UCLA researchers in the Department of Mathematics and Department of Computer Science have developed a novel hybrid Lagrangian/Eulerian approach to simulate frictional contact in thin codimensional elastic objects, such as cloth, hair, and knit. It allows a more smooth and vivid animation of those objects with faster speed and higher robustness.
Physically-based animation of elastic surfaces and curves has been an essential aspect of computer graphics. The collision and contact phenomena are essential for the richness and realism provided by physics based simulation. However, the thin nature of materials such as clothing, hair and knit makes collision detection and resolution challenging for modern visual effects.
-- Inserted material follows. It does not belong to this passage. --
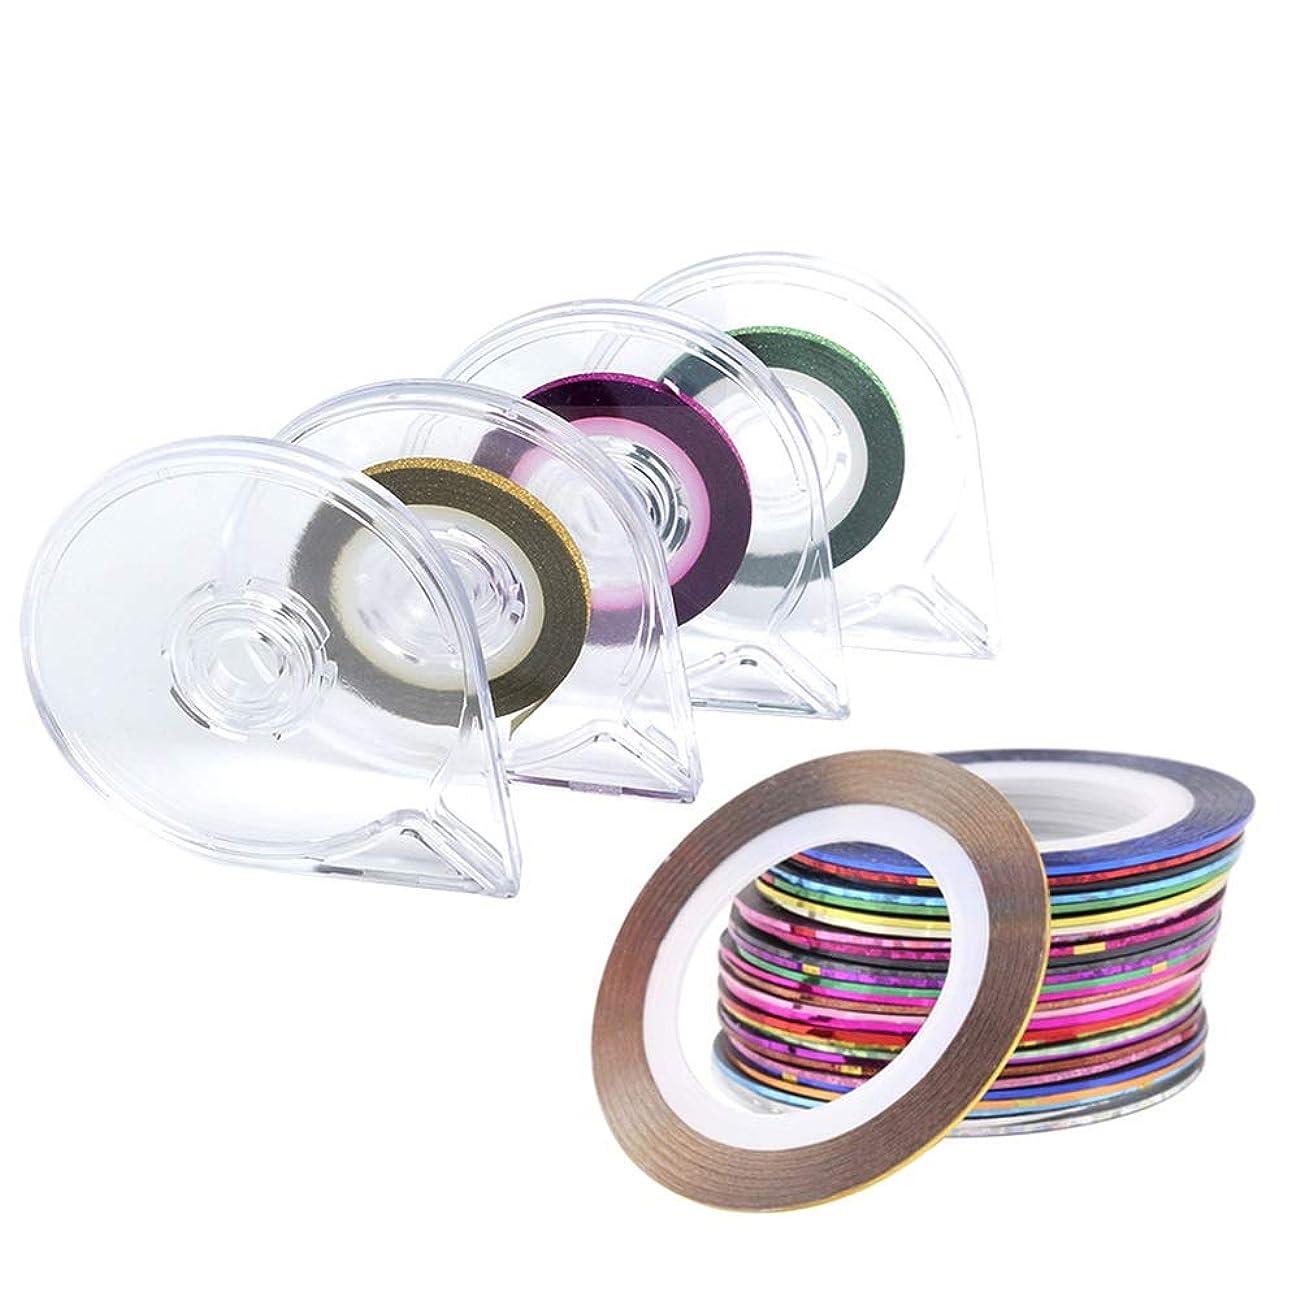 おもてなしモロニック薄めるビューティフル 女性 レーザーラインテープネイルアート用 ラインテープ シート ジェルネイル用 マニキュア セット ジェルネイル アート用ラインテープ 専用ケース付き 30ピース (Color : Mixed Colour)

The typical elastic surface or curve simulation method takes a Lagrangian approach. It is beneficial because it naturally allows for tracking of the codimensional manifold, however collision must then be detected and resolved separately. Eulerian methods are promising alternatives because collision processing is automatic and while this is effective for volumetric objects, advection of a codimensional manifold is too inaccurate in practice.
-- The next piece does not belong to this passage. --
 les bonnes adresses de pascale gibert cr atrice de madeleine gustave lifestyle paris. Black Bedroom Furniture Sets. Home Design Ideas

UCLA researchers have proposed a novel hybrid Lagrangian/Eulerian approach that preserves the best aspects of both aforementioned views. They have defined their collision response with a novel elastoplastic constitutive model, which separately characterizes the response to manifold strain as well as shearing and compression in the directions orthogonal to the manifold. Collision intensive scenarios with millions of degrees of freedom require only a few minutes per frame and examples with up to one million degrees of freedom run in less than thirty seconds per frame. Since the approach is based on a volumetric continuum assumption that includes the contact/ collision response in the constitutive model, it has many speed and robustness advantages, and doesn’t require post process modeling.